Calcium microfluorimetric measurements in the granule cell layer of the dentate gyrus
After recovery, a brain slice was incubated at room temperature with 2 µM of a calcium-sensitive dye for 1 h in carbogenated ASCF, shielded from light. The slice was transferred into a recording chamber (Figure 3A) on an upright fluorescence microscope equipped with a multichannel gravity-controlled perfusion system. Fluorescence emission images were acquired every 500 milliseconds after illumination at 488 nm (Figure 4A,B). Excitation was done with a Xenon lamp and a scanner mounted diffraction grating monochromator and image acquisition was performed with a computer-controlled CCD camera. During the measurements, the slice was treated with the NMDA receptor antagonist APV, which resulted in a decrease in the intracellular calcium concentration. Stimulation of the slice with an extracellular solution containing a high potassium concentration (50 mM) resulted in a massive influx of extracellular calcium due to the depolarization of the neurons and the opening of voltage-gated ion channels (Figure 4C).

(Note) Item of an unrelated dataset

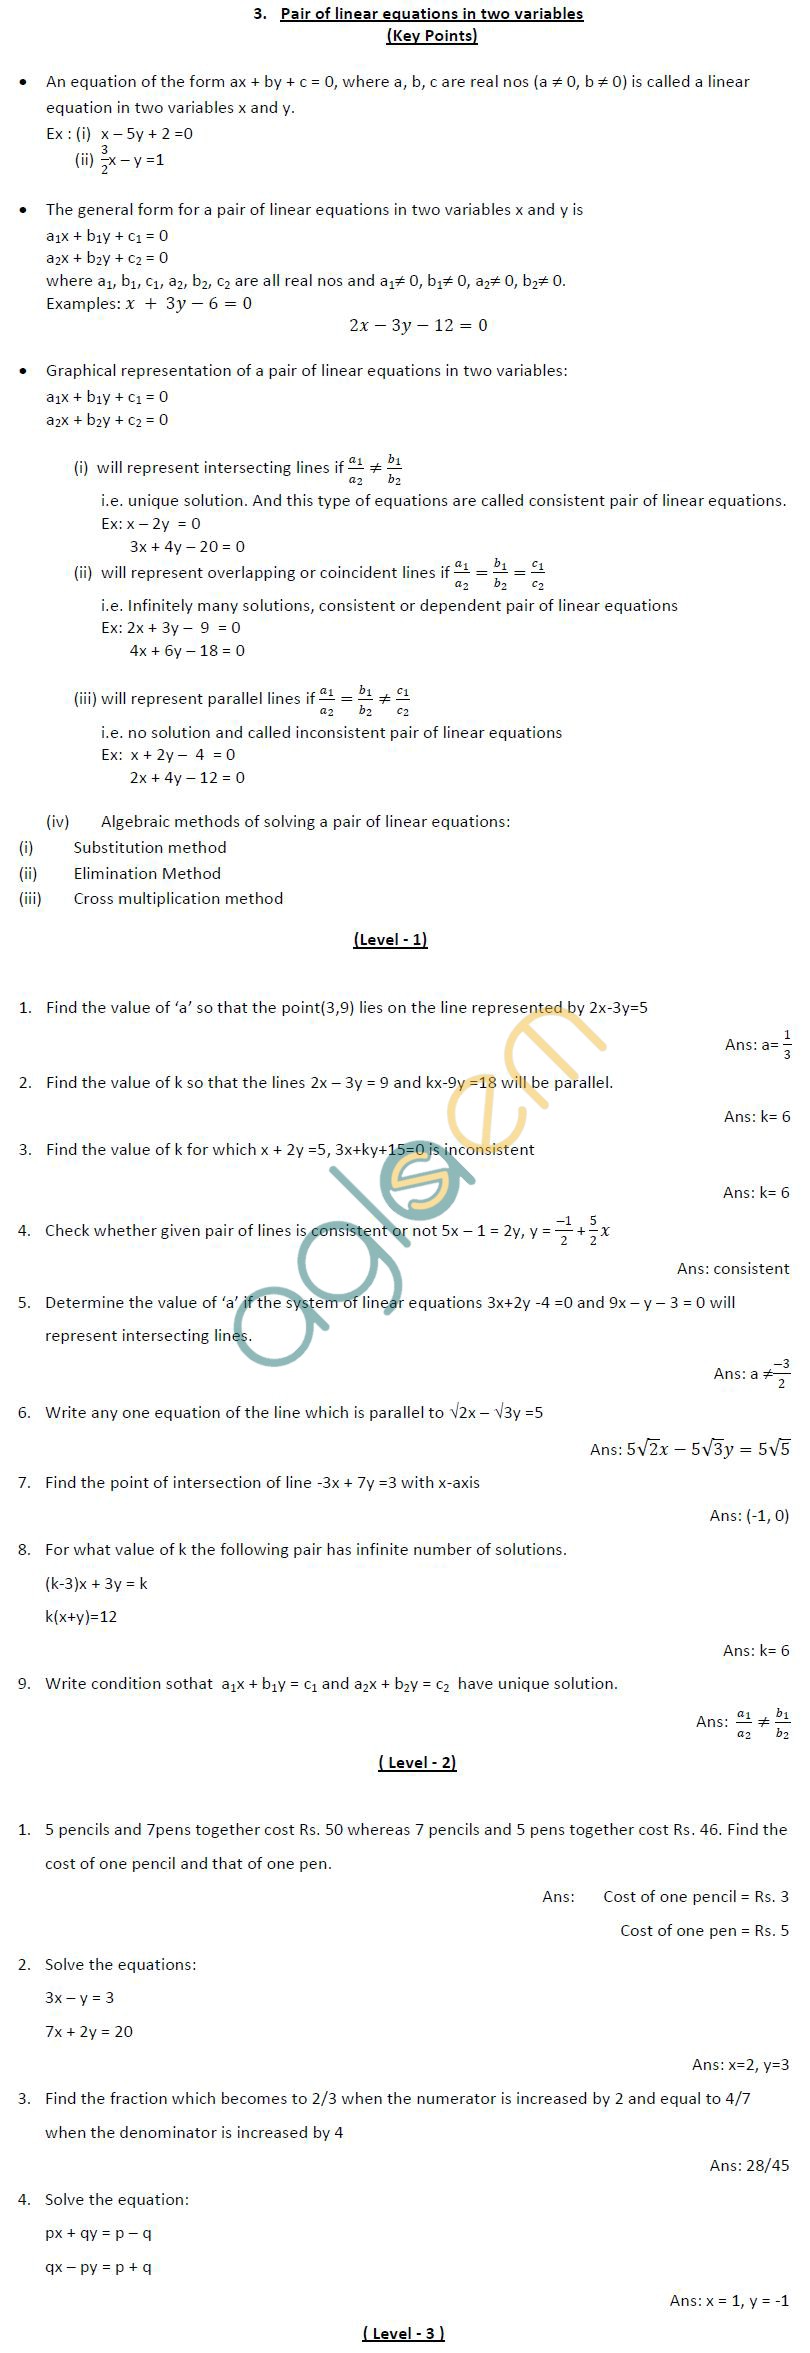 CBSE Class X: Maths - A pair of linear equations in two variables
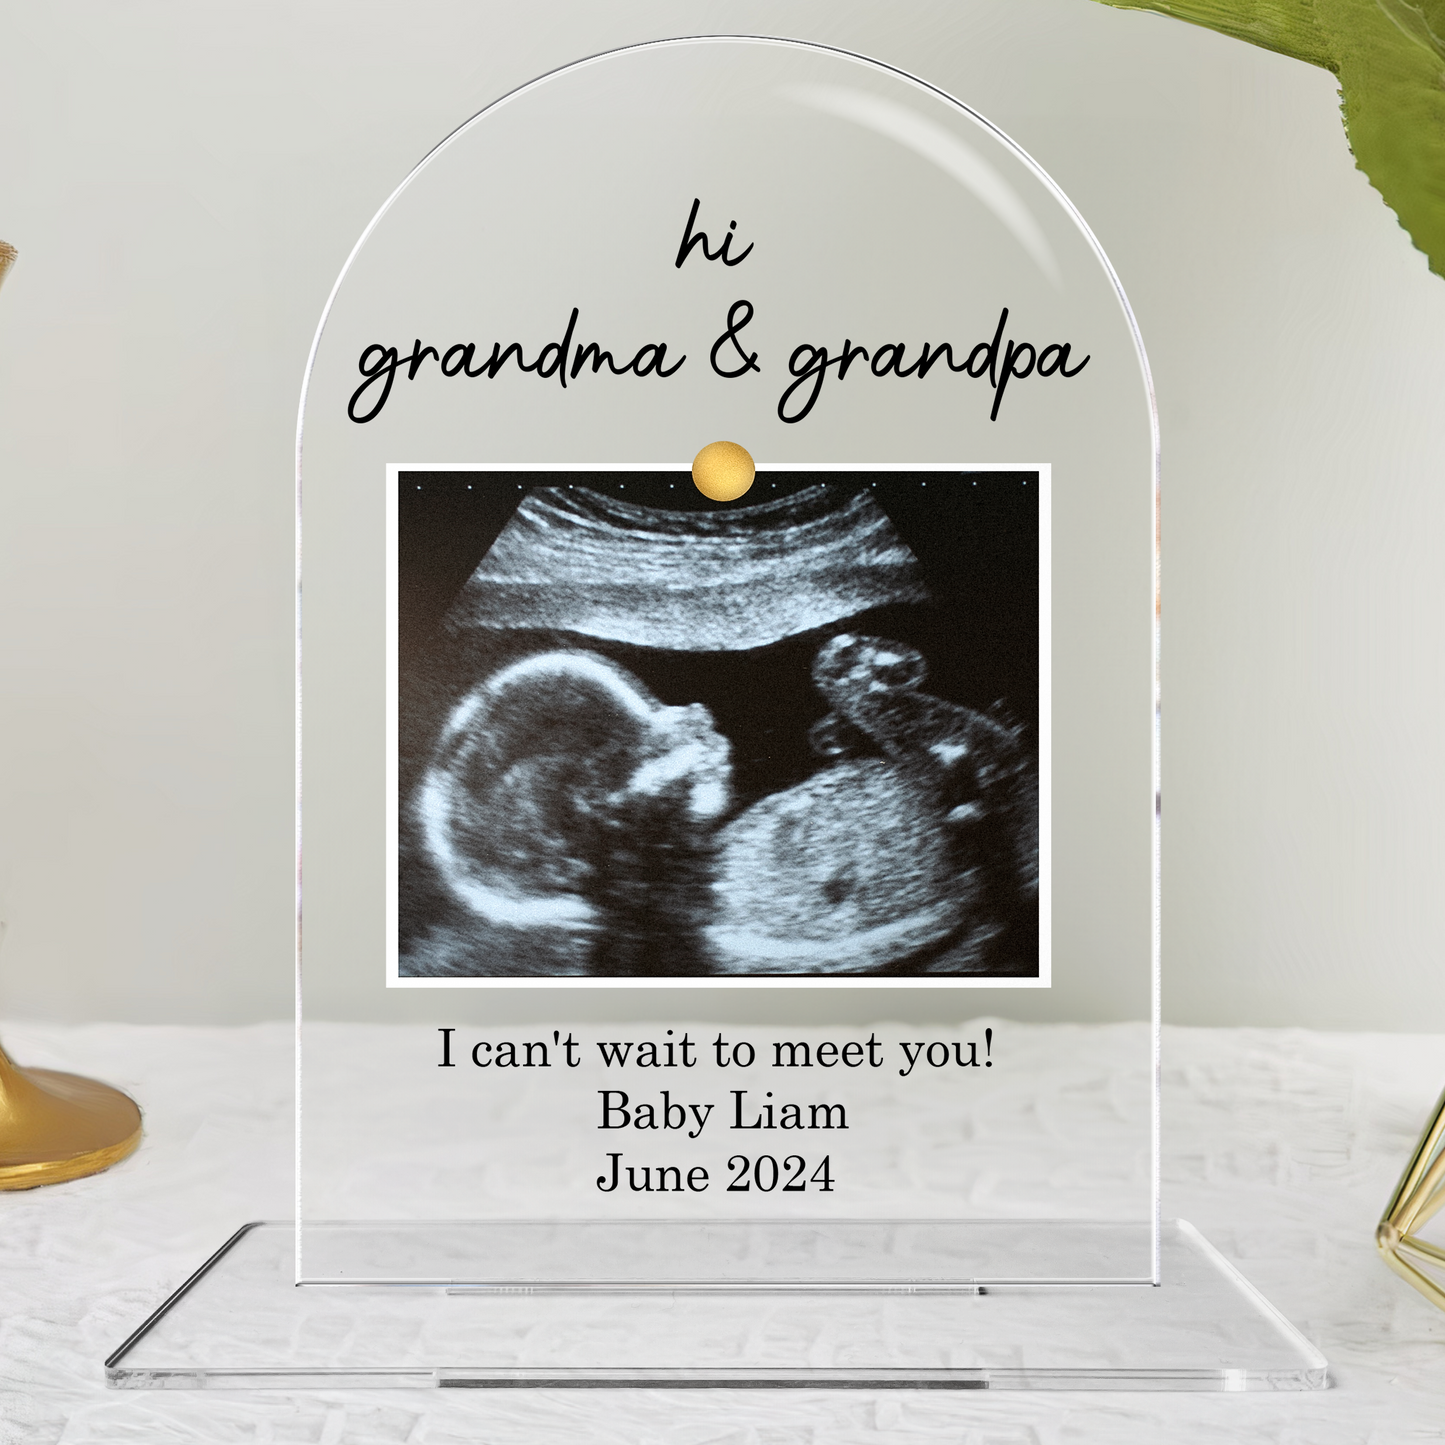 Hi Grandma And Grandpa I Can't Wait To Meet You - Personalized Acrylic Photo Plaque

|Compound||Concentration (mM)||Molecular weight (g/mol)||Amount (g)|
|CaCl2 * 2H2O||20||147.01||2.94|
|MgSO4 * 7H2O||10||246.48||2.46|
Table 1: 10 x slice pre-solution (1 L).
|Compound||Concentration (mM)||Molecular weight (g/mol)||Amount (g)|
|CaCl2 * 2H2O||2||from 1 M CaCl2 solution||2 mL|
|MgSO4 * 7H2O||1||from 1 M MgSO4 solution||1 mL|
|NaH2PO4 * 2H2O||1.25||156.02||0.2|
|Glucose * H2O||25||198.17||4.95|
Table 2: 1x ACSF (1 L) (osmolarity between 305–315 mOsm).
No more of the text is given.